Uma plateia em polvorosa, uma cantada de pneus e o empenho, quase descontrolado, de fazer o velocímetro marcar, o mais rápido possível, 200 quilômetros por hora. O cenário retrata o ambiente onde muitos jovens se reúnem para promover competições ilegais e manobras arriscadas, como os rachas. Segundo dados do Departamento de Trânsito do DF (Detran-DF), em 2010, 988 pessoas foram autuadas em flagrante fazendo manobras perigosas. Já no primeiro mês deste ano, um total de 261 habilitações foram apreendidas, sendo que, 27 destas apreensões aconteceram pelo condutor fazer demonstrações e exibições de manobras perigosas.
Apesar das estatísticas não se referirem apenas as manobras realizadas pelos adeptos dos rachas, a prática está cada vez mais comum e coloca em risco, não apenas a vida de quem esta na direção e na plateia do “espetáculo”, mas também de quem passa próximo aos locais do encontro e, por vezes, é surpreendido por um carro desgovernado.
Segundo o professor de Engenharia de Tráfego da Universidade de Brasília (UnB), Paulo César Marques, a prática de rachas é inadmissível.
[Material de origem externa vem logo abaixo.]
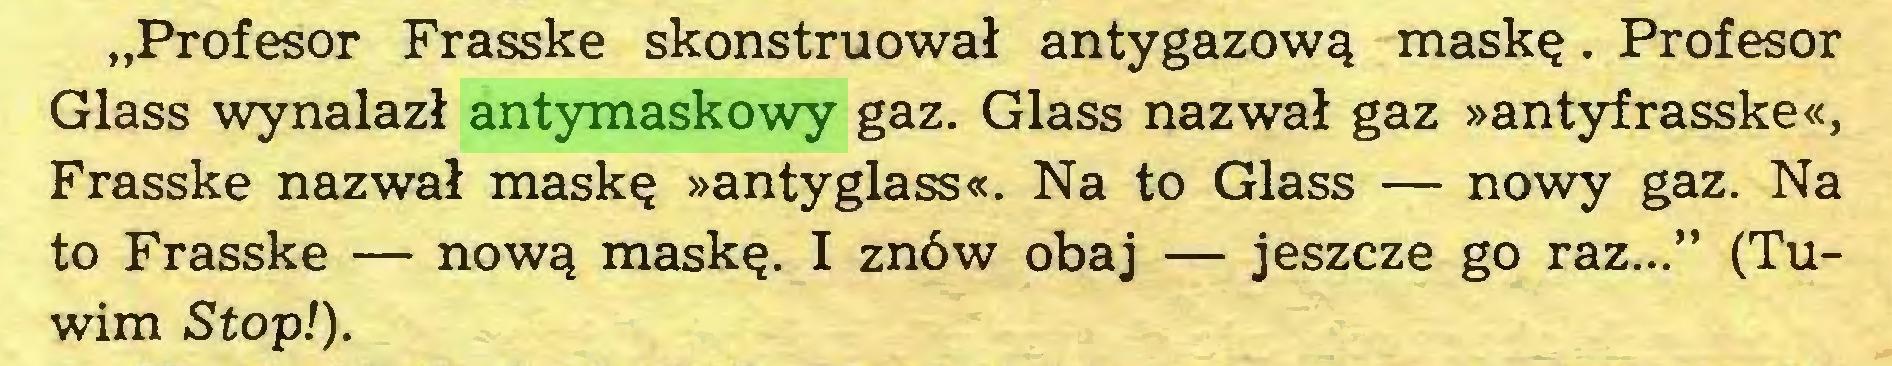 """(...) """"Profesor Frasske skonstruował antygazową maskę. Profesor Glass wynalazł antymaskowy gaz. Glass nazwał gaz »antyfrasske«, Frasske nazwał maskę »antyglass«. Na to Glass — nowy gaz. Na to Frasske — nową maskę. I znów obaj — jeszcze go raz..."""" (Tuwim Stop!)..."""

Ele assegura que competição não tem relação com trânsito. “Qualquer tipo de competição tem que ser realizada em um local próprio para isso e que ofereça a segurança necessária para todos. É um crime esse tipo de prática em via pública. É um risco para o condutor, para quem assiste e para que não tem nada a ver com aquilo”, afirma.
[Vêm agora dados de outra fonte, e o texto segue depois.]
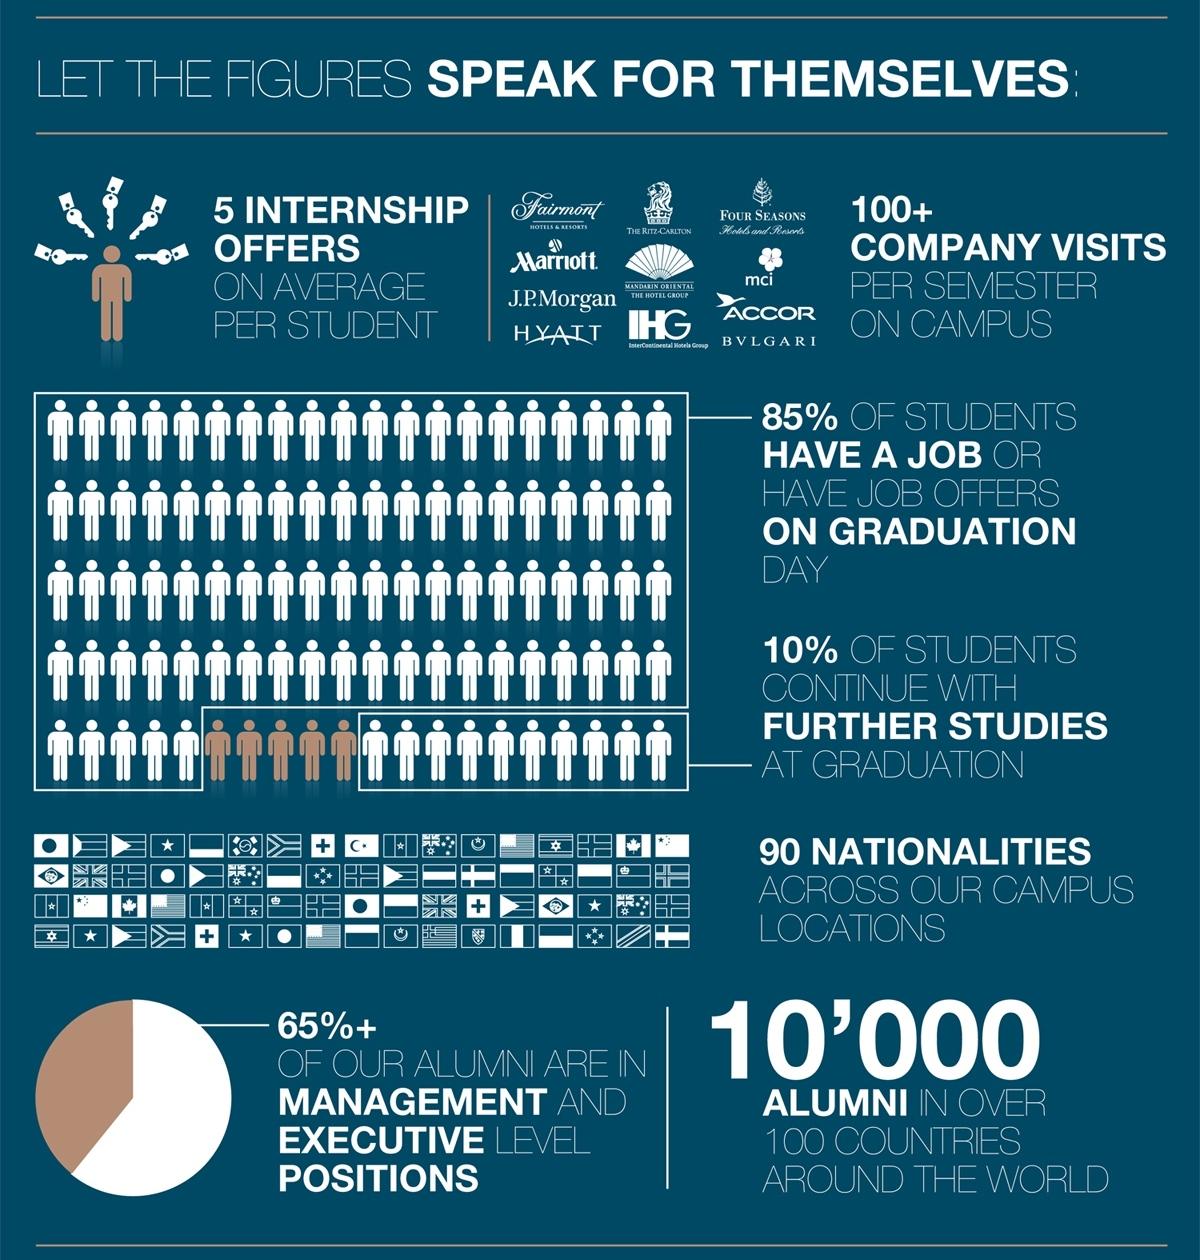 ให้ตัวเลขสถิติเหล่านี้ เป็นตัวบอกคุณว่าทำไมควรเลือก เรียนต่อสวิตเซอร์แลนด์ ด้านการโรงแรมที่ กลียอง

Pensando em diminuir a incidência desta prática, desde o último ano, foi promovido um aumento na fiscalização, inclusive por meio de monitoramento de redes sociais, para coibir eventuais encontros marcados pela internet. Com isso, os rachas convencionais, com horário e local definidos, diminuíram. Entretanto, cavalos de pau, arrancadas cantando pneus e outras atitudes avaliadas por especialistas como comportamento de risco aumentaram.